> _Provided data_
- Opening Delimiter -

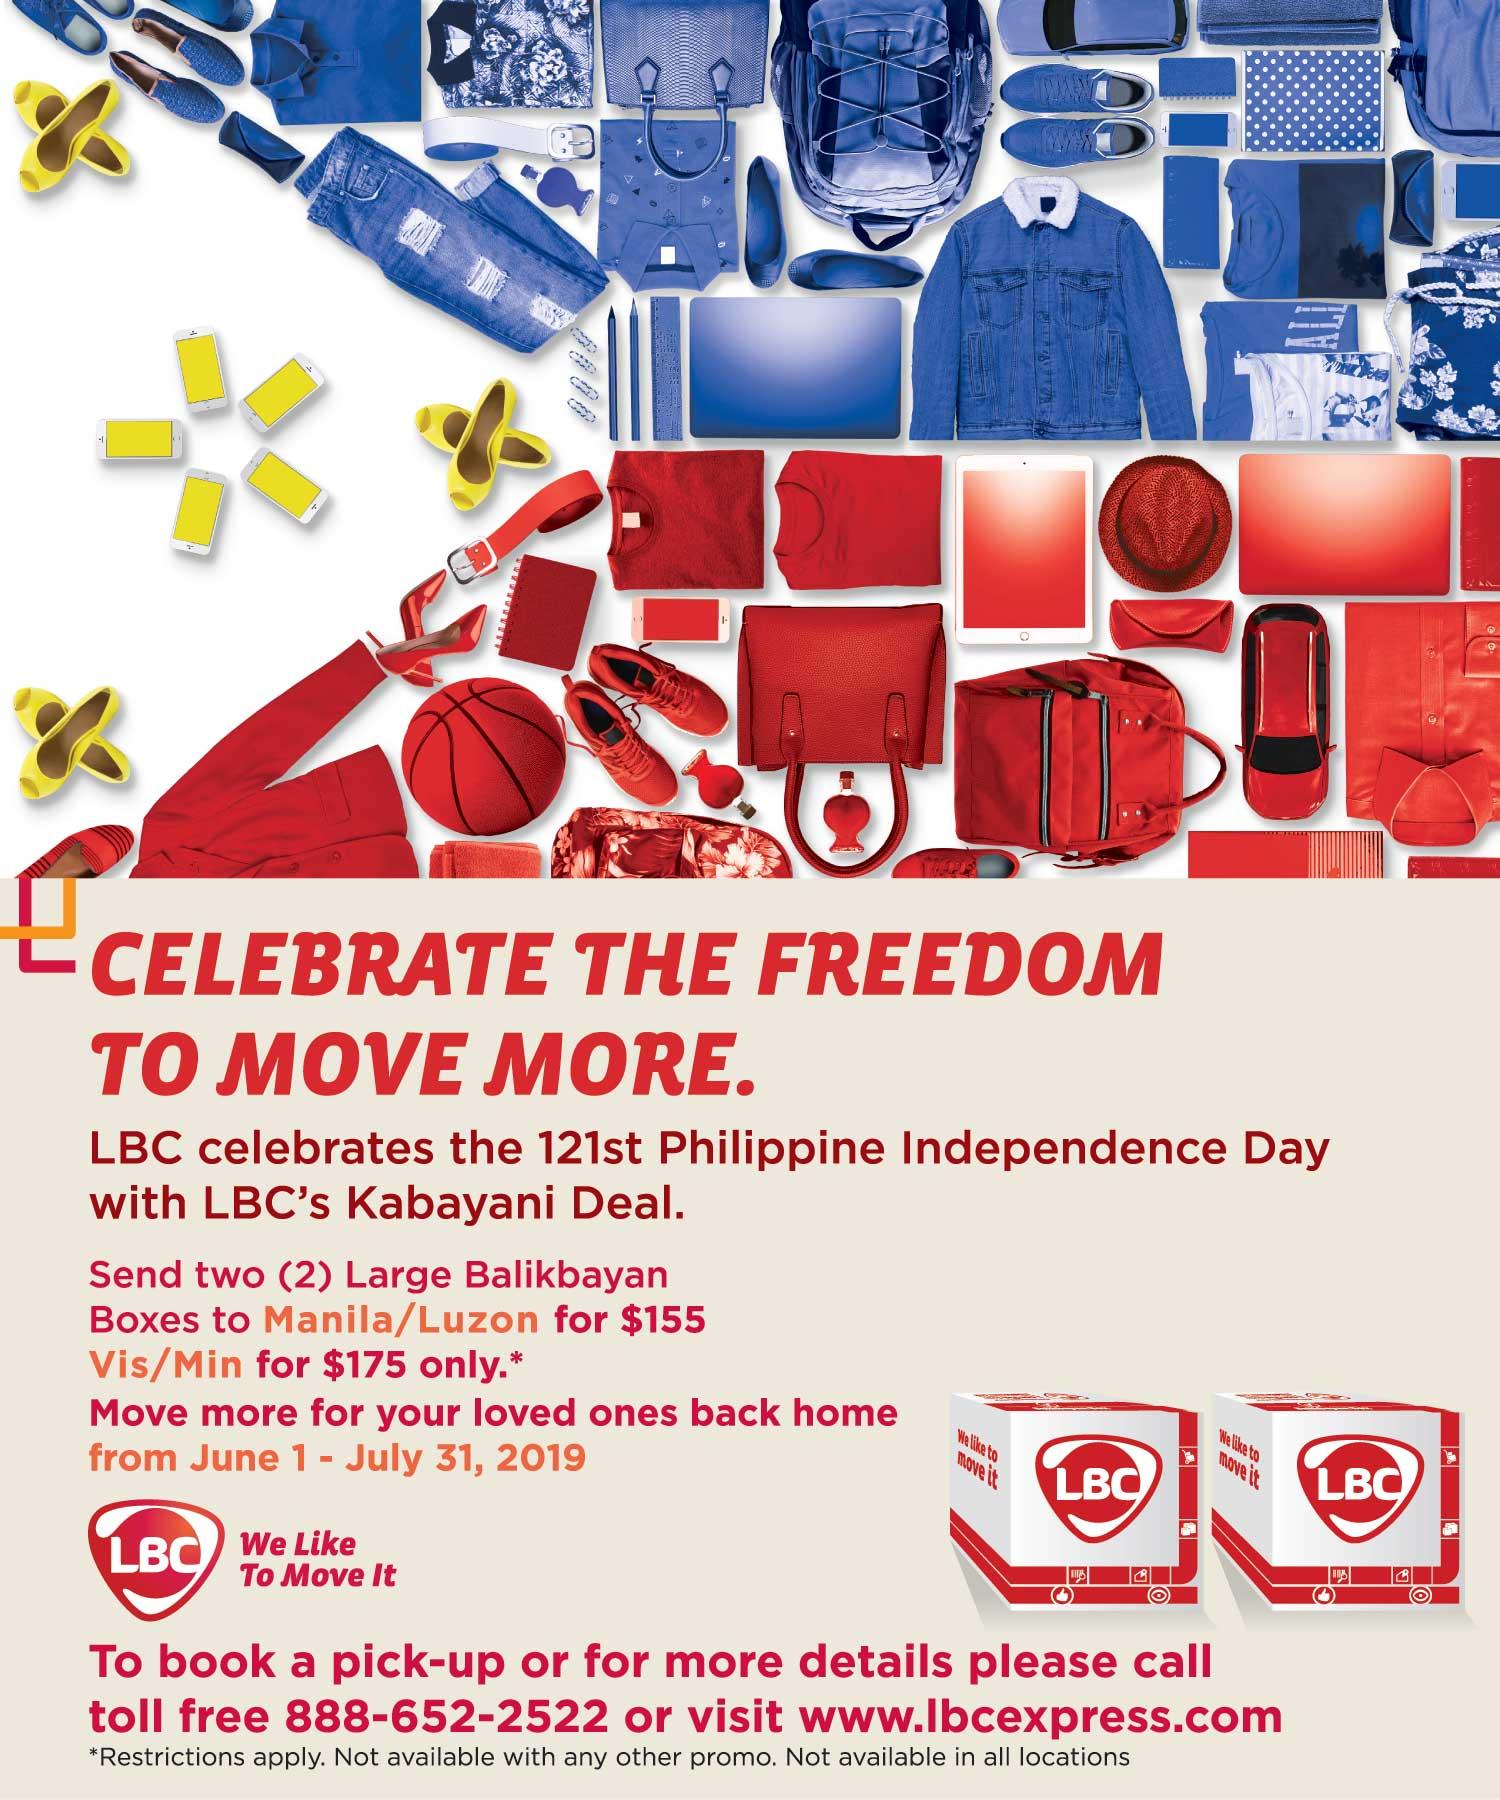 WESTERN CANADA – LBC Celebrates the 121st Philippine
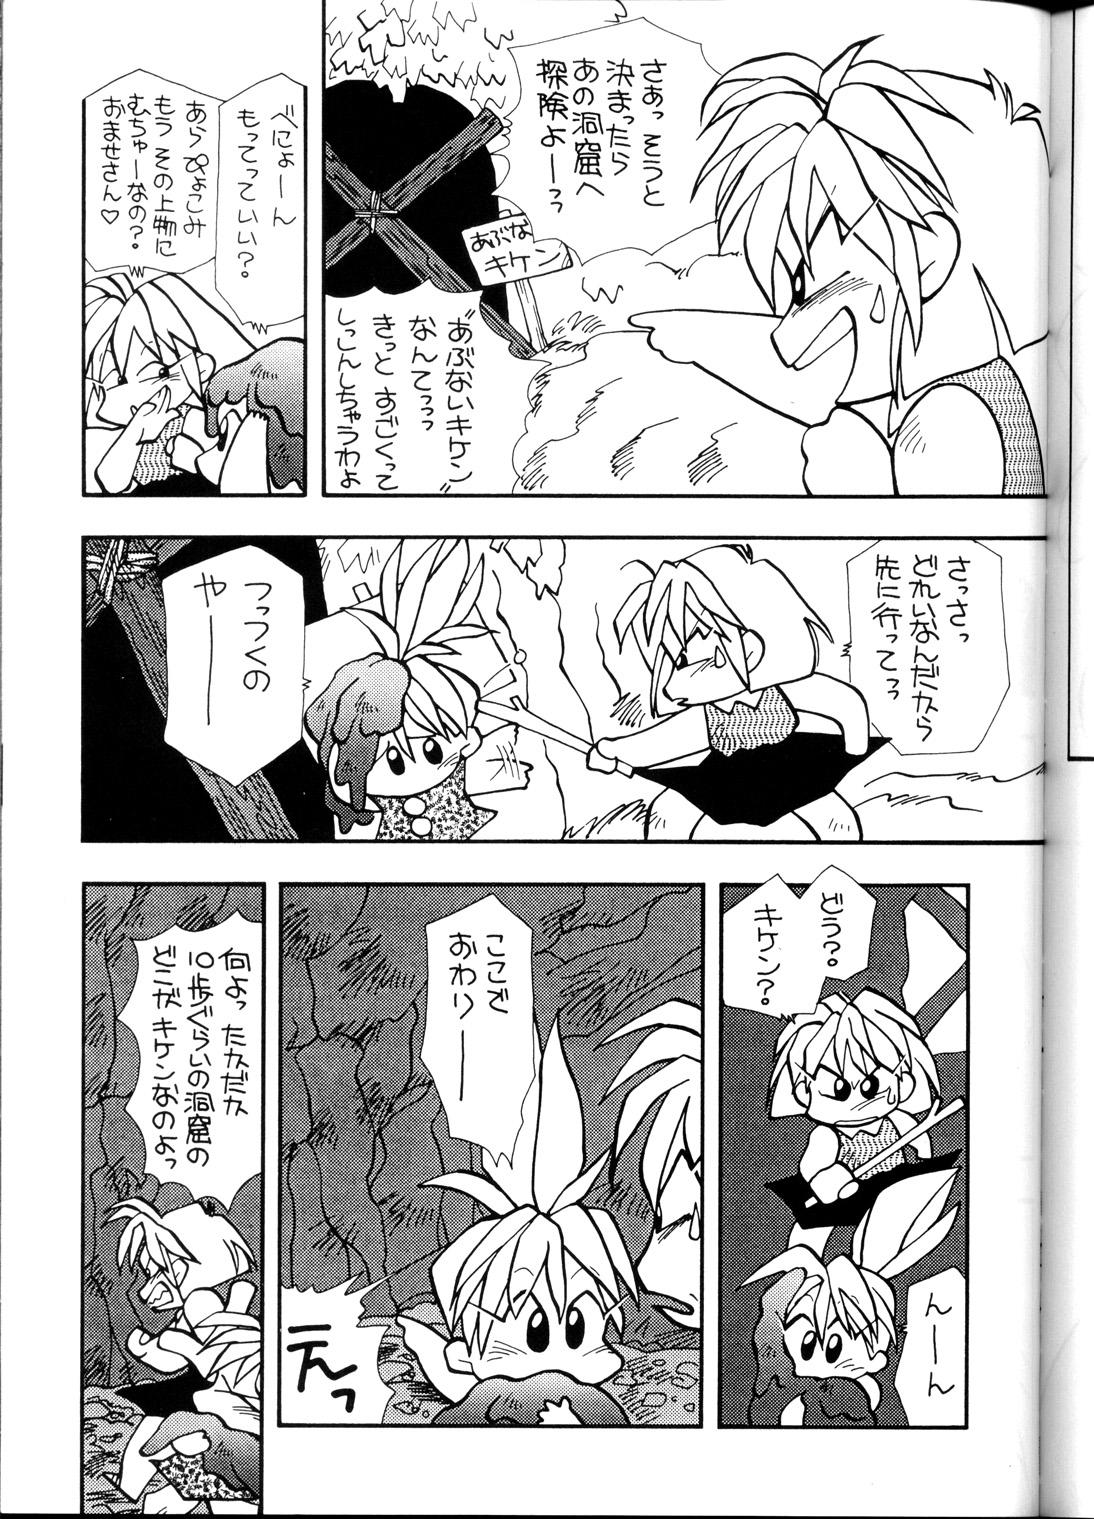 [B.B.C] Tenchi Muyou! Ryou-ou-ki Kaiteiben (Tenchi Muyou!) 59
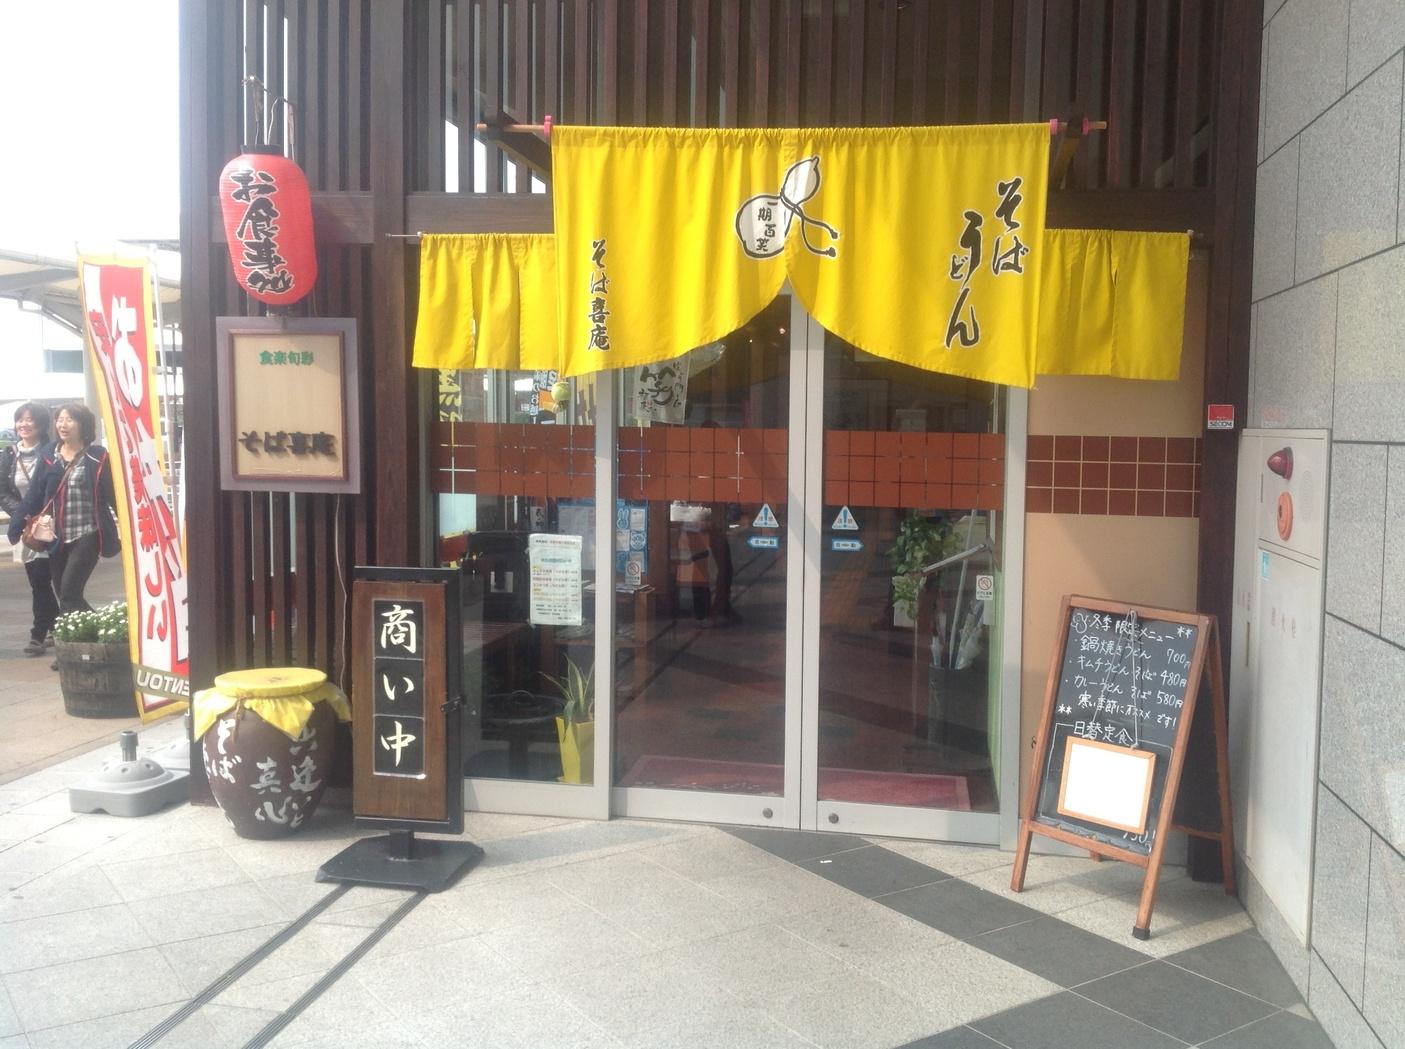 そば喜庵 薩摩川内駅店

- Closing Delimiter -

> _Exercise objective_
Please copy exactly, and only, the lines from the one that contains "[B.B.C] Tenchi Muyou!" through the last line of the data above, omitting all pictures.

> _Task solution_
 [B.B.C] Tenchi Muyou! Ryou-ou-ki Kaiteiben (Tenchi Muyou!) 59
 そば喜庵 薩摩川内駅店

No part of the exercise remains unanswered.